The current format of the guidance is considered inappropriate for use by local authorities, landlords and tenants, as intended. The National HMO Network would support the production of separate guidance for landlords and tenants on such a complex issue, but the format and content would need to be re-considered. Further clarity and examples would also be a useful addition to the guidance for all users.

This response consists of general comments only, as there are no specific questions posed by the document. It is, however, broken down into 2 sections: General comments and comments on specific parts of the guidance.

General comments

This format of guidance document is not really what is required at this stage; what local authority officers would appreciate is practical guidance on how to deal with some of the situations that arise and have arisen, which aren’t specifically detailed in the legislation.

The introduction to the guidance states that the document is primarily aimed at local authority practitioners but may be a useful guide for landlords and tenants too. If that is the case, it would need to be significantly simplified and perhaps be less focused on the local authority perspective. Guidance for landlords and tenants would be particularly useful, as they are generally less able to interpret the Act than local authorities, but separate guidance for local authorities and other users may be more appropriate.
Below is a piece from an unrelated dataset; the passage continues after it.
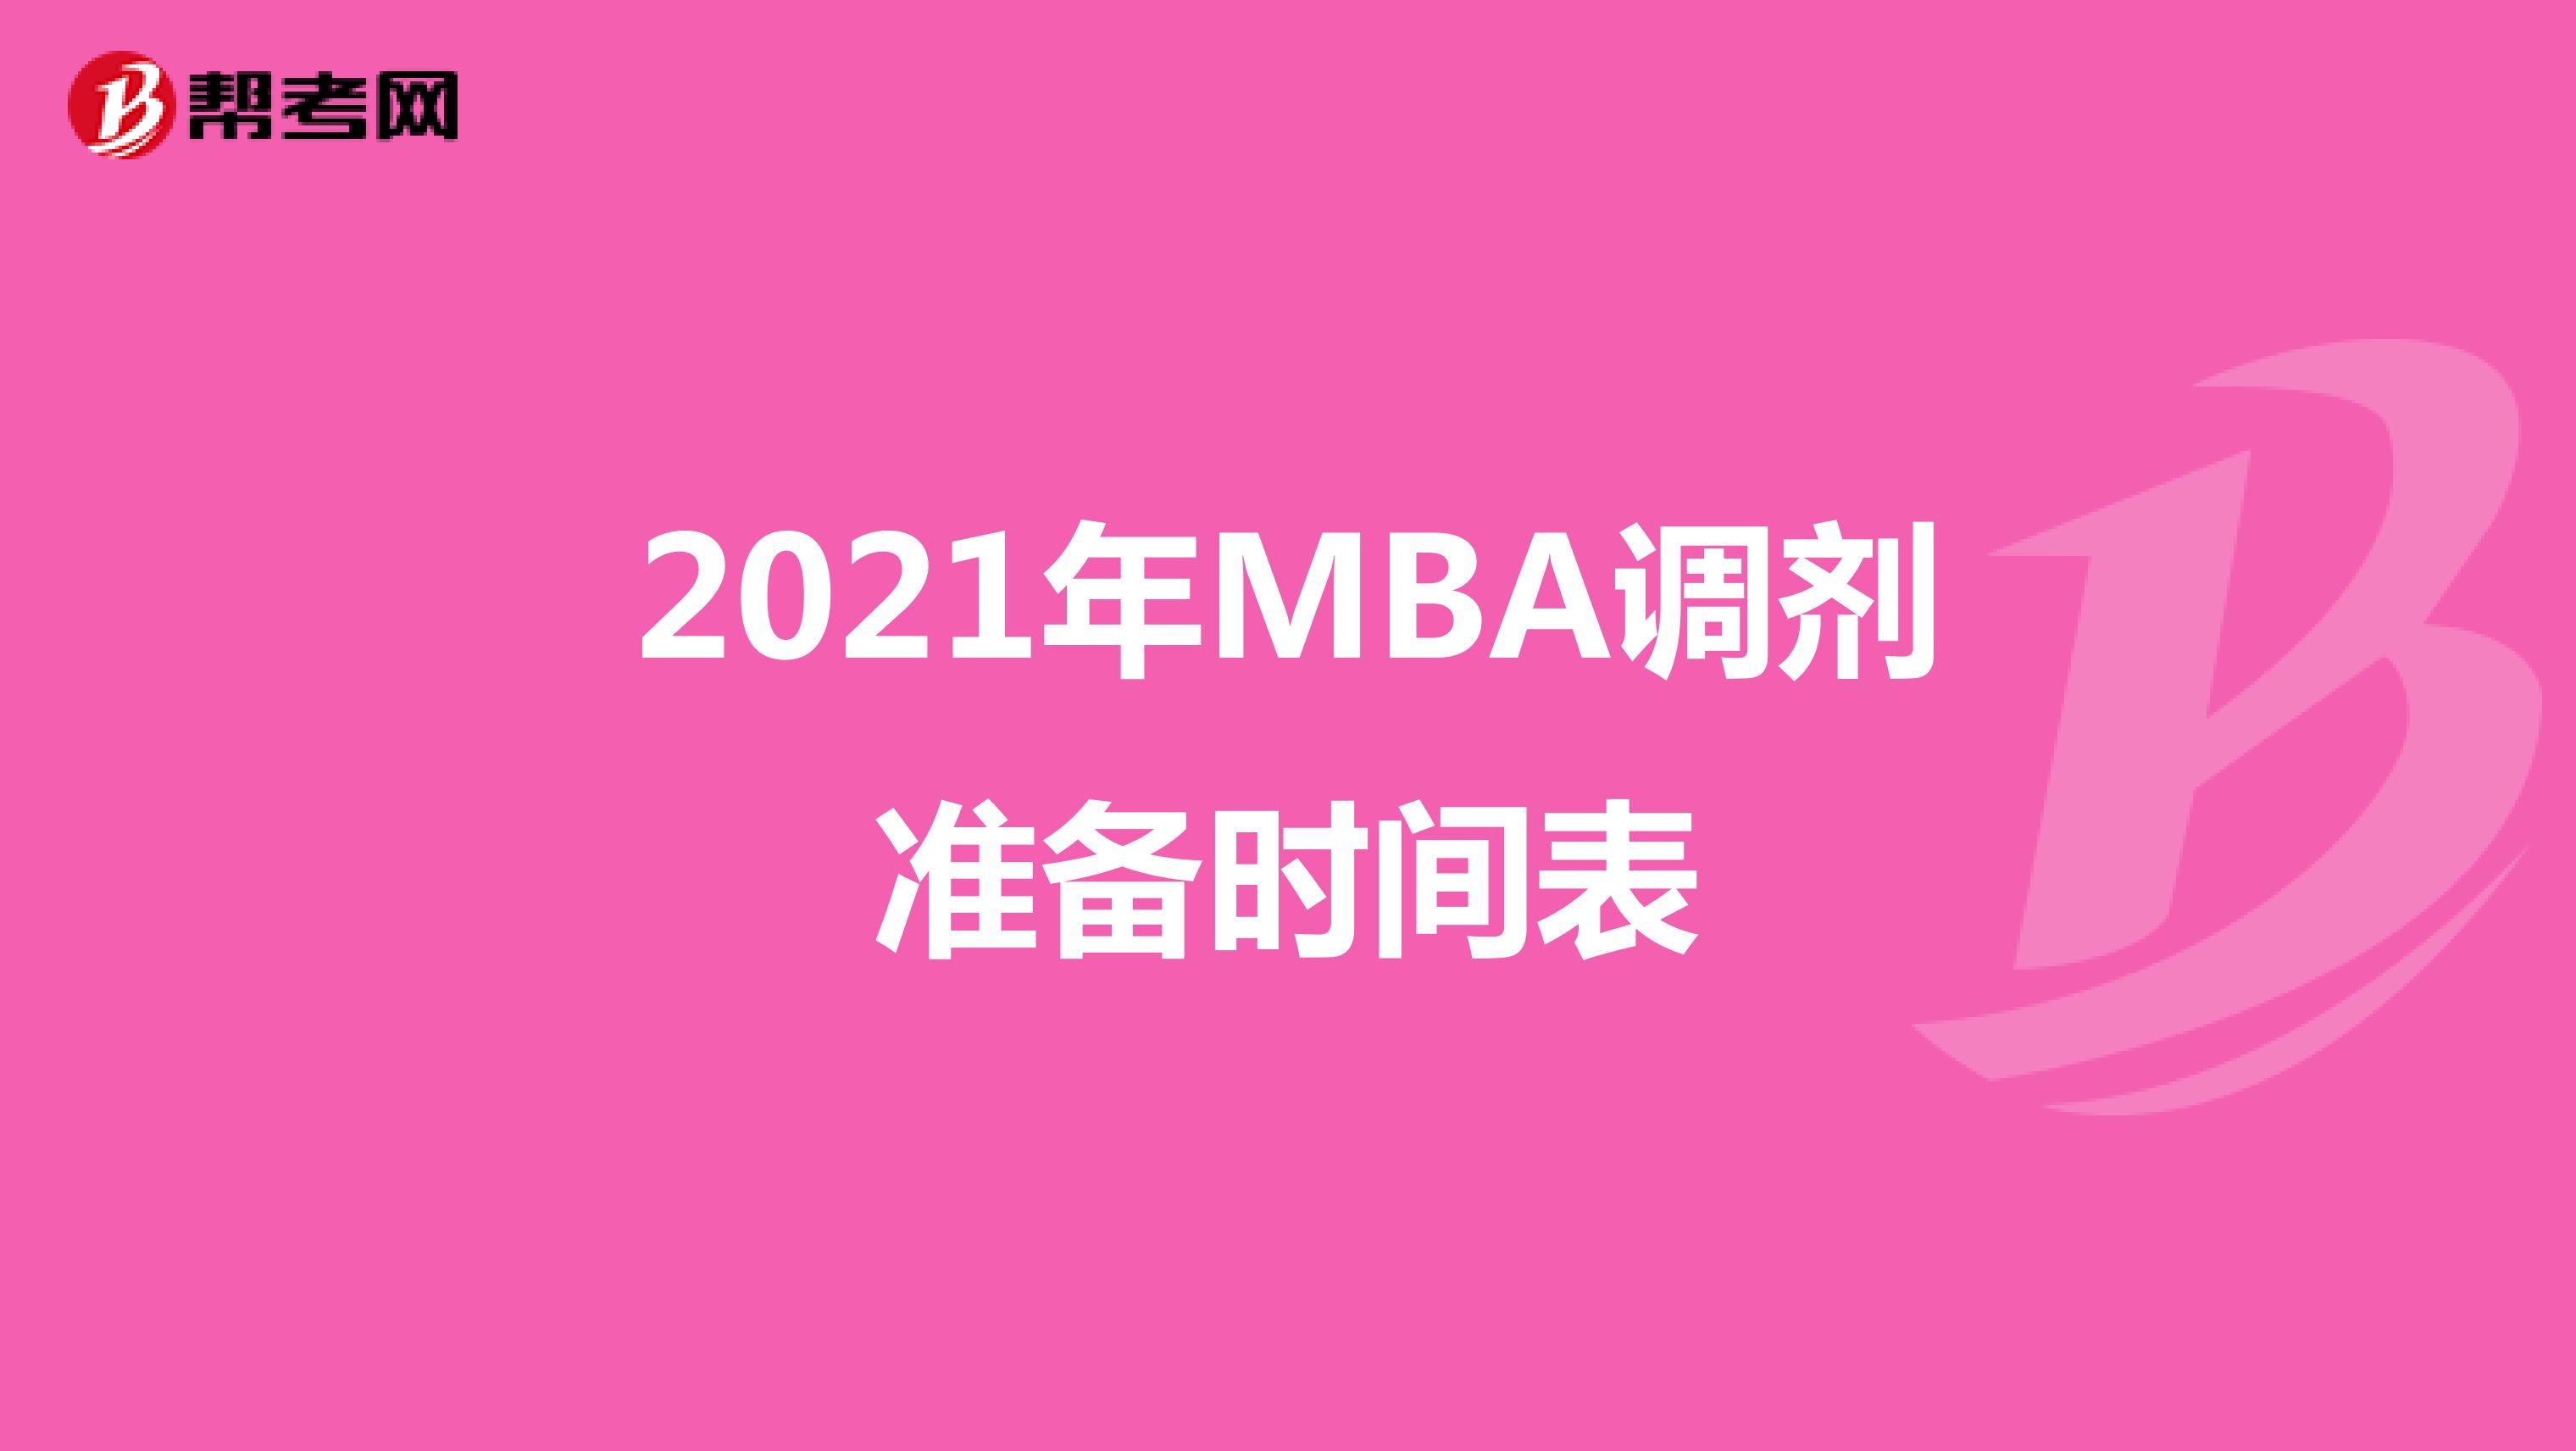 2021年MBA调剂准备时间表

The guidance, as it stands, is very unwieldy and therefore not easy to use. It would benefit from an executive summary, or perhaps even be broken down into separate guidance documents for the different parts of the Act. Perhaps some flow charts and bullet point lists would be helpful for some of the processes (such as in Environmental Health Procedures – Bassett). There is no real need to regurgitate the legislation throughout and if this were reduced/removed, the guidance would be much easier to use, as it would be read in conjunction with the Act. The document would also benefit from the inclusion of some practical feedback from local authorities who have been involved with complex cases, such as Management Orders. However, it is considered that although RPT decisions should be considered in producing the guidance, individual decisions should not be specifically referred to in isolation. RPT decisions vary considerably, are not binding and merely represent the RPT’s interpretation of the Act. In addition, due to the frequency of decisions, the guidance would quickly become outdated.

In putting this guidance together, it would have been beneficial to have consulted key stakeholders at an early stage to establish what exactly was required and to shape the style and content of the document. This could have saved time during consultation and subsequent amendment stages. The National HMO Network would encourage this approach in future and is keen to participate in this type of consultation.Additionally, large parts of this guidance already exist, as produced by LACORS. Perhaps CLG could consider adopting and updating the LACORS guidance, rather than starting from scratch?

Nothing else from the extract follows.